Back onto my cushion I flumped; there is no other word for it. I was floored, literally, by the ramifications of this information.

“You realize that history of all kinds—political, social, literary, royal, and feminist—will be rocked to the core and have its socks knocked off by this revelation! It almost seems that it couldn’t possibly be so.”

“‘Couldn’t’ is not a word to use to royalty, Dolly,” Elizabeth reminded me. “And as I informed you on your last visit here, ‘denial is more than just a river in Egypt.’ We are telling you the truth and entrusting you with the task of revealing it to the world.”

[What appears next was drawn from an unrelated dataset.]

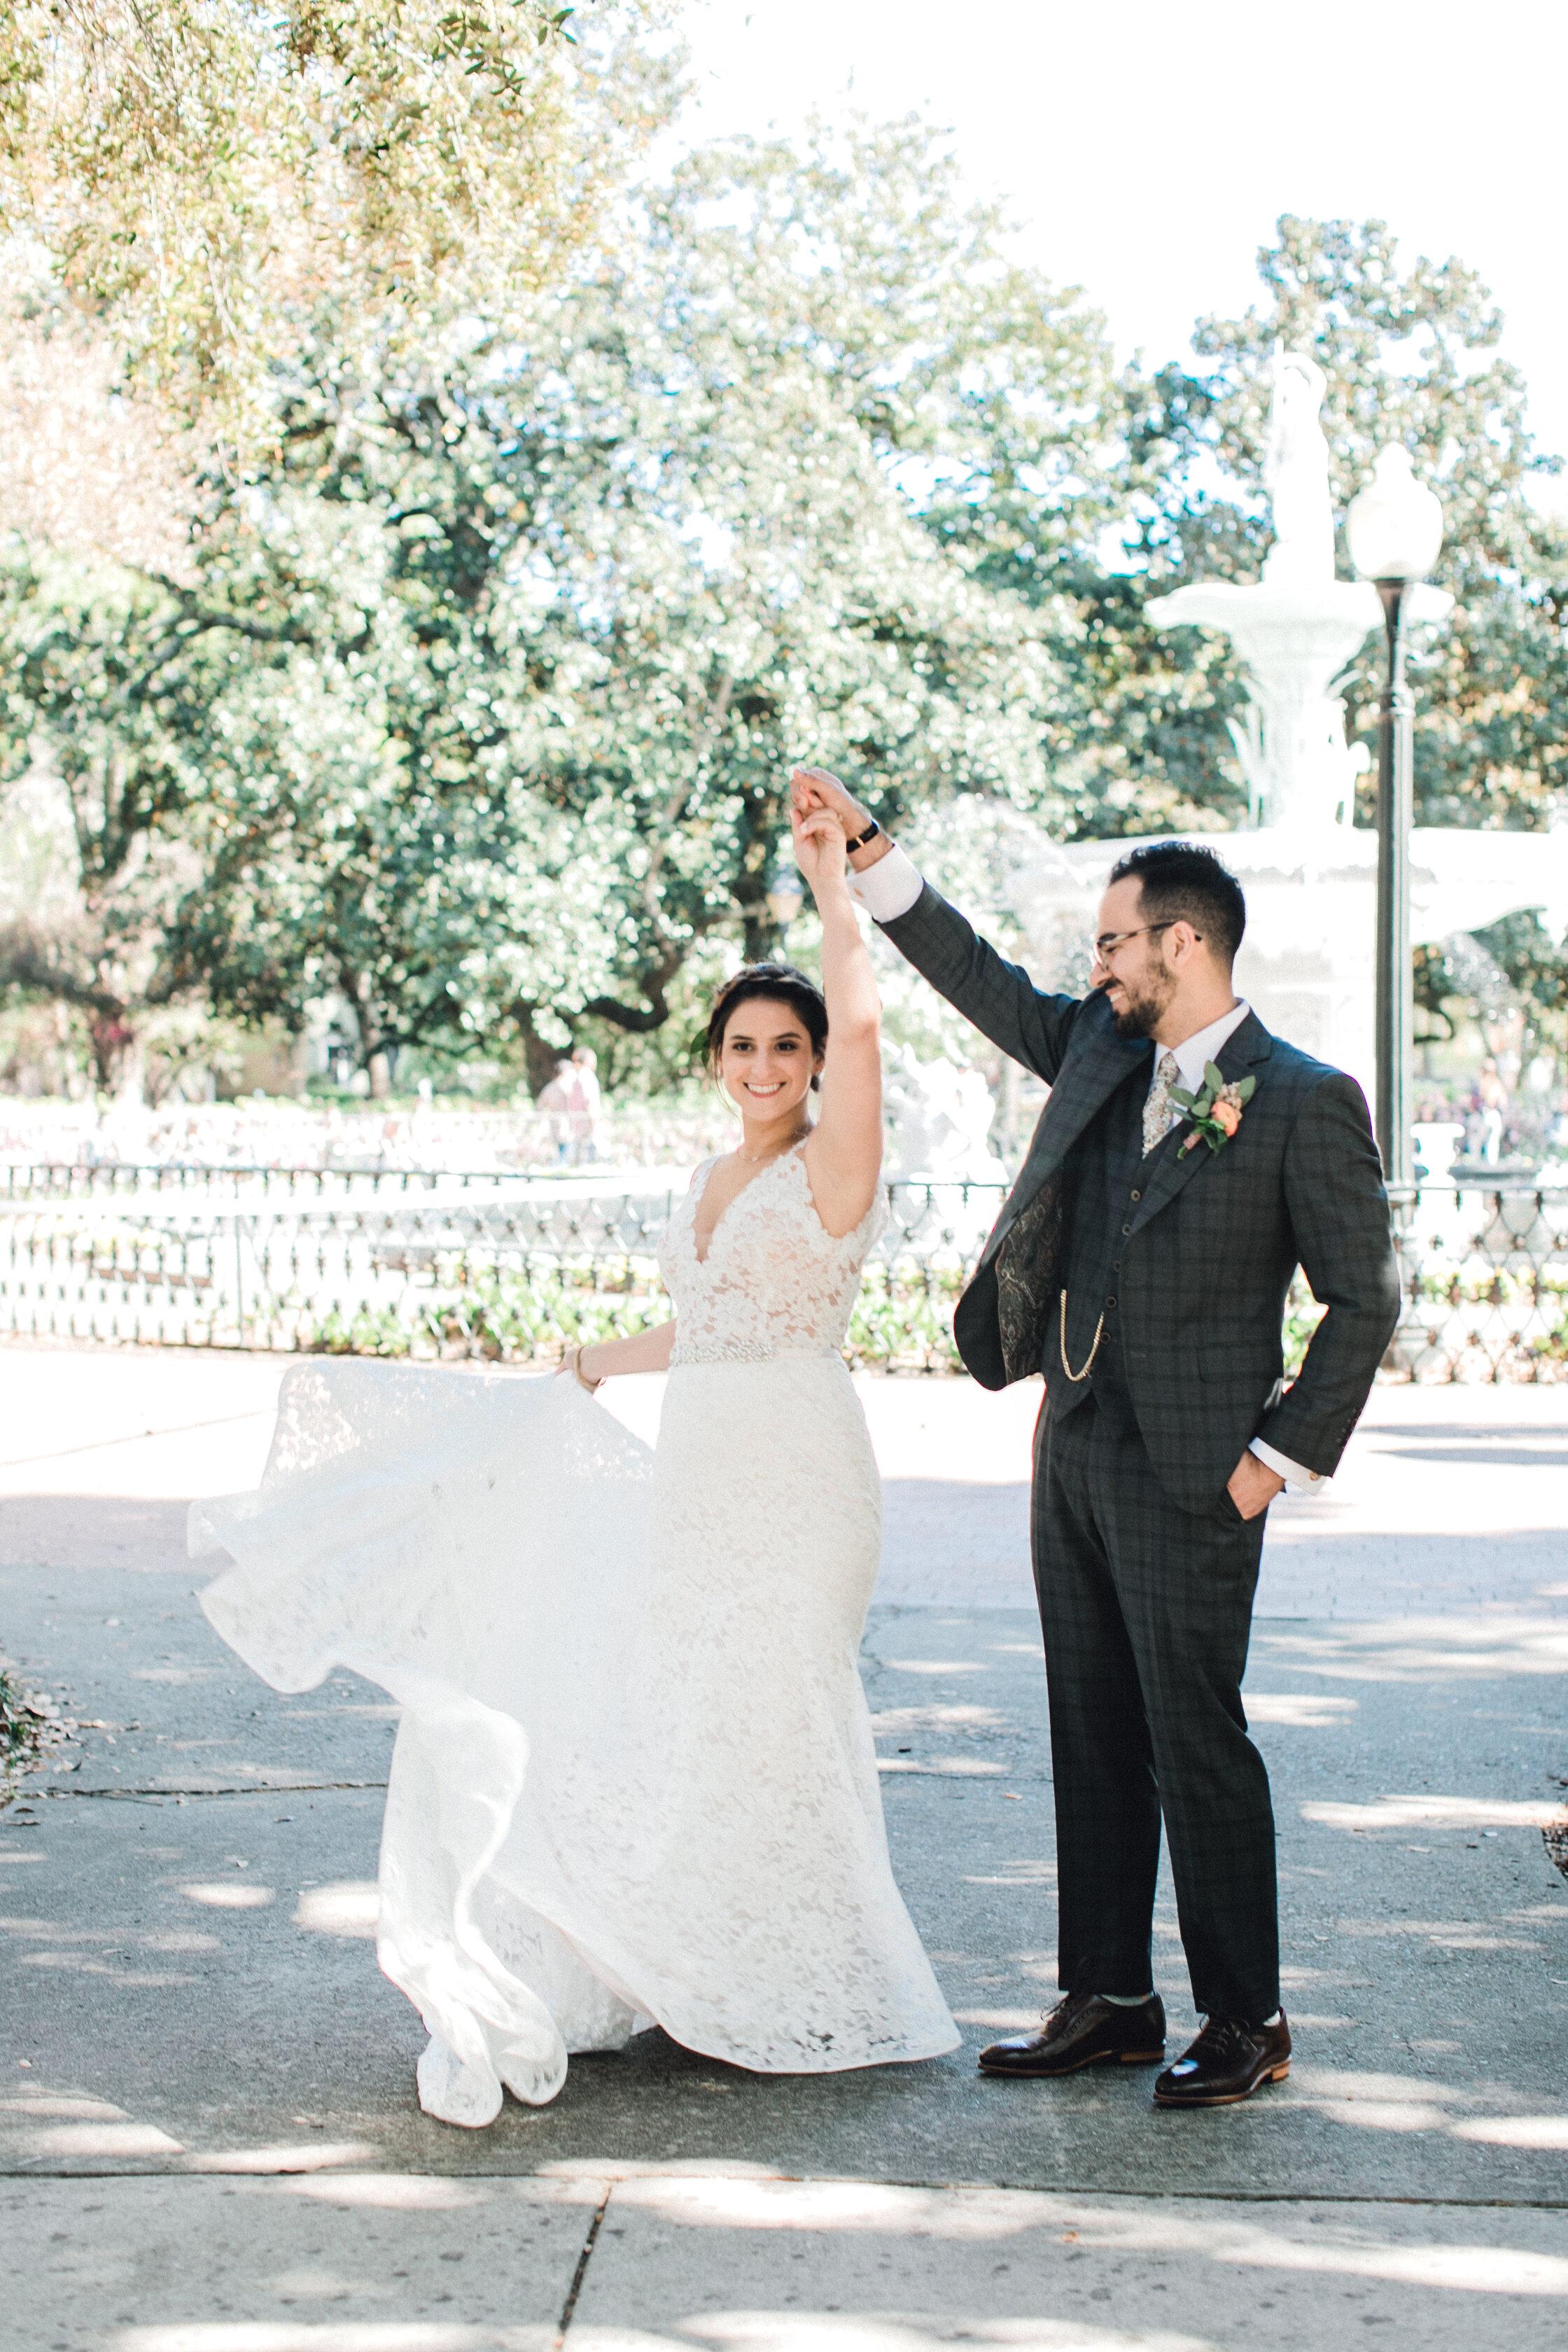 ivory-and-beau-blog-weddings-ivory-and-beau-couple-dominique-and-andres-savannah-florist-wedding-planning-savannah-bridal-boutique-wedding-flowers-KIP_WEBERWEDDING_RAILROADMUSEUM-684.JPG

“Before I can reveal anything, you’ve got to float me across that denial river on a raft of information. Who wrote what? How did it wind up credited to Shakespeare? I need answers!”

“I think my cousin Jane had the right idea when she talked about taking things in chronological order. Being the firstborn among us, I would therefore like to begin the proceedings, if everyone else doesn’t mind,” said Mary Tudor.

“It seems only fair to me that, on this occasion, we give Mary Tudor her head as first in line,” I said.

Mary, Queen of Scots, took over from Elizabeth in the keeping-me-in-line department by hitching up her skirt a couple of inches and applying her slippered foot to my behind.

“Execution awareness never goes out of fashion, Dolly,” she reminded me.

“Point taken,” I said as I rubbed my sore backside.

“And graciousness never goes out of fashion either,” said the Scottish queen, addressing Mary Tudor now. “You may go first, as you request, Cousin.”

Elizabeth chimed in with some younger sis sass.

“I have no problem deferring to you, Mary; after all, it is what I did when our brother Edward died and the English throne was up for grabs. You get to go first now, as you did then. And you know what they say—age before beauty.”

I couldn’t help but notice Mary Tudor wince. I had always thought, from what I knew about her life, that her self-esteem when it came to her attractiveness had probably been beaten pretty much to death by the behavior of her less-than-gallant husband, Phillip II of Spain. This made Elizabeth’s potshot seem mean and unnecessary, and I sprang into corrective action.

“‘Beauty is only skin deep,’” I reminded Mary. “‘But ugly,’” I said, staring directly into the eyes of her sister, “‘goes clean to the bone!’”

“Isn’t that what our friend Mistress Dorothy said when she was here?” asked Margaret.

“Mistress Dorothy? Do you mean Dorothy Parker?” I asked.

“Yes, that was her name. She was here for career advisement. I found her most amusing!” said Elizabeth, her pleasure at the memory of her old acquaintance clearly visible.